This week, blame the chronobiologists. Go on, you’ll feel better. We all like somebody to blame. They’ll put your irritation down to lack of sleep. That’s what they do, I’ve learned, the chronobiologists. They study sleep, its impact on us. Or, more tellingly, impact of lack of it. Though last week, it was the long-liers who caught it from the chronobiologists. Those who get up late are at risk of an early death. Both lazy and doomed.
Truth is, you might not be able to do much about it. The reasons are complex. Could be because staying up later, you eat badly, maybe eat at the wrong time, impacting health. There are psychological reasons. And some of it might be beyond your control.Your body clock could be largely inherited and hardwired. You were made this way.
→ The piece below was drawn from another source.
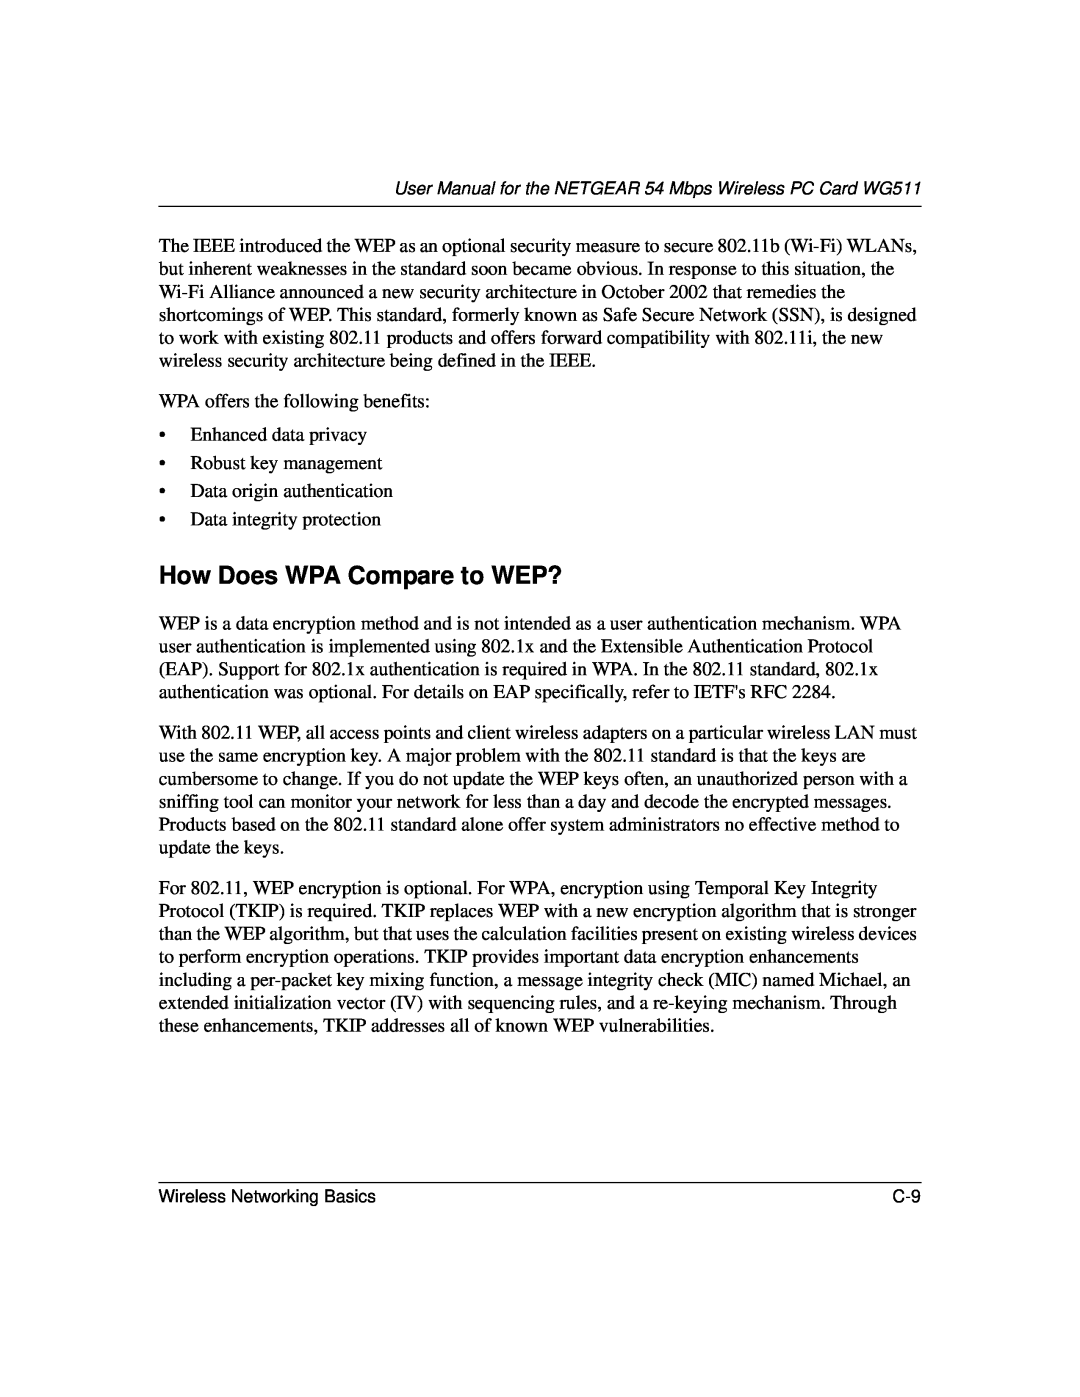 NETGEAR WGE111 user manual How Does WPA Compare to WEP? 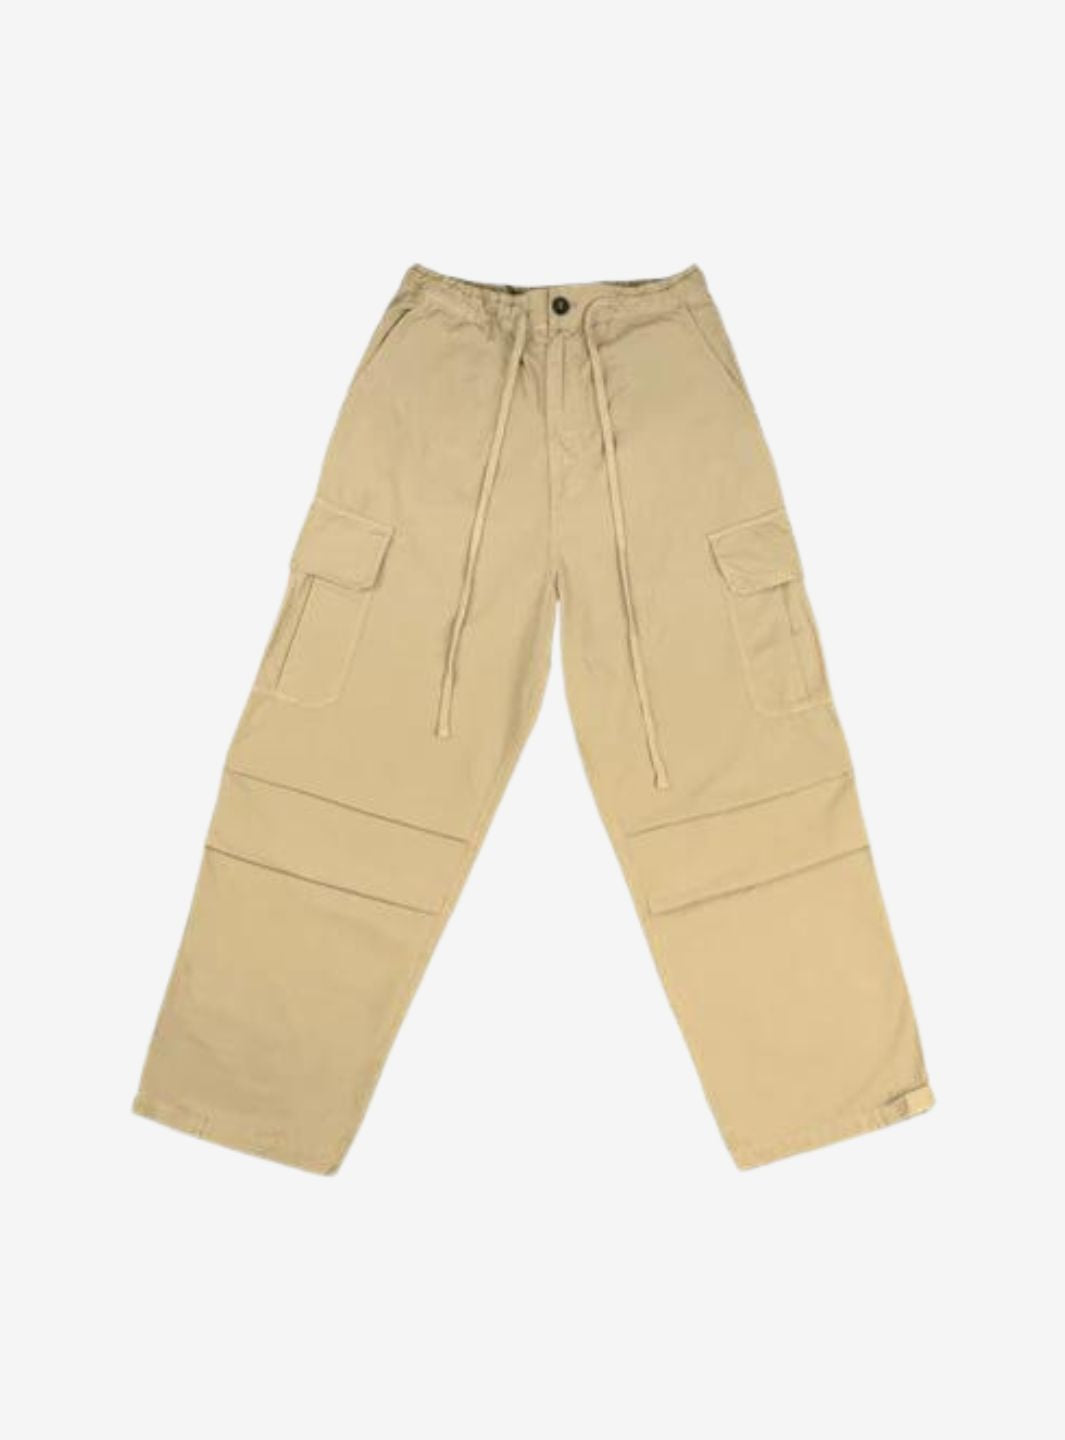 Garment WorkShop Parachute Pants Cream | ResellZone

Of course, if the sleep business doesn’t get you, the booze probably will. Hot on the heels of the deadly lie-in report came the deadly booze report. Even a glance at the devil’s buttermilk and you’re knocking years off your life. Resistance is futile. The end is assured.
Survive it long enough and we’re in a period of uncontrollable uncertainty. The President of the United States of America tweets the planet towards war. The only people left to see it, fought out by long-range robot missiles, will be teetotal millennials, perfectly rested to make sure their selfies look good as the cloud goes up and conspiracy theorists argue that it’s not ACTUALLY happening and is being put together by actors for the Deep State.
I spent some time last week in Dublin, speaking at a magazine publishing event. And there, the majority of questions that came were framed around Brexit, and around uncertainty. The event came on the 20th anniversary of the Good Friday Agreement, though not related to it. The Agreement – that hard-won bulwark against the darkness, an incredible document, birthed by serious, smart, brave people that changed history, for the people across Ireland and for the people across Britain and for the people beyond. And that is now being treated as some sort of tatty printout that at best can be massaged, and at worst is an irritant to be shredded and ignored. I couldn’t blame the chronobiologists when the good Dublin people asked good questions about a post-Brexit future. The pesky border issue grows.